=== Assigned task ===
Begin at the line containing "War Paint for Men Application Brush" in the entries below and end at the line containing "L´Oréal Professionnel Série"; transcribe that range exactly and nothing outside it.

=== Given information ===
+-------+

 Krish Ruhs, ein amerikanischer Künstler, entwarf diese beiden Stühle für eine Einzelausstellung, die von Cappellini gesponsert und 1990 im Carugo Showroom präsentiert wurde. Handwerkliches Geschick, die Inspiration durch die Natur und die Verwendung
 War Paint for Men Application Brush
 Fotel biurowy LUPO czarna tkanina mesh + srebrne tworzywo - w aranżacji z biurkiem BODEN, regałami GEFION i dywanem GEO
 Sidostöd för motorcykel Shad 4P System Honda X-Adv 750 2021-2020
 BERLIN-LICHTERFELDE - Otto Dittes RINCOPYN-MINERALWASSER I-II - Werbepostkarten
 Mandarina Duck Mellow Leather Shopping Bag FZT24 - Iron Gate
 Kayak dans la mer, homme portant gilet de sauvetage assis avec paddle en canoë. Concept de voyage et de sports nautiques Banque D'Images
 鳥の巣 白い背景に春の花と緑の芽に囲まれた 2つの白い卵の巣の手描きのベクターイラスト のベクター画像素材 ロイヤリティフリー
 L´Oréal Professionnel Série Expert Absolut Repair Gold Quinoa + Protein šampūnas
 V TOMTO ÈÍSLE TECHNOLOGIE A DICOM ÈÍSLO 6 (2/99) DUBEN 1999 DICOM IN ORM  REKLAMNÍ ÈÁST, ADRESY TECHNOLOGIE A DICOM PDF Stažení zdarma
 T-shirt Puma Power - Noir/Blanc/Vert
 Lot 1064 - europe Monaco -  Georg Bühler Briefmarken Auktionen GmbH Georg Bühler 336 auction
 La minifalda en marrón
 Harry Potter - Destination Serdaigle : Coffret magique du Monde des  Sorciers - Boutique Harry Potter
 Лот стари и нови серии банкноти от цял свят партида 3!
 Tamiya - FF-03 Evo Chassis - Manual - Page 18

+-------+

=== Result of this task ===
 War Paint for Men Application Brush
 Fotel biurowy LUPO czarna tkanina mesh + srebrne tworzywo - w aranżacji z biurkiem BODEN, regałami GEFION i dywanem GEO
 Sidostöd för motorcykel Shad 4P System Honda X-Adv 750 2021-2020
 BERLIN-LICHTERFELDE - Otto Dittes RINCOPYN-MINERALWASSER I-II - Werbepostkarten
 Mandarina Duck Mellow Leather Shopping Bag FZT24 - Iron Gate
 Kayak dans la mer, homme portant gilet de sauvetage assis avec paddle en canoë. Concept de voyage et de sports nautiques Banque D'Images
 鳥の巣 白い背景に春の花と緑の芽に囲まれた 2つの白い卵の巣の手描きのベクターイラスト のベクター画像素材 ロイヤリティフリー
 L´Oréal Professionnel Série Expert Absolut Repair Gold Quinoa + Protein šampūnas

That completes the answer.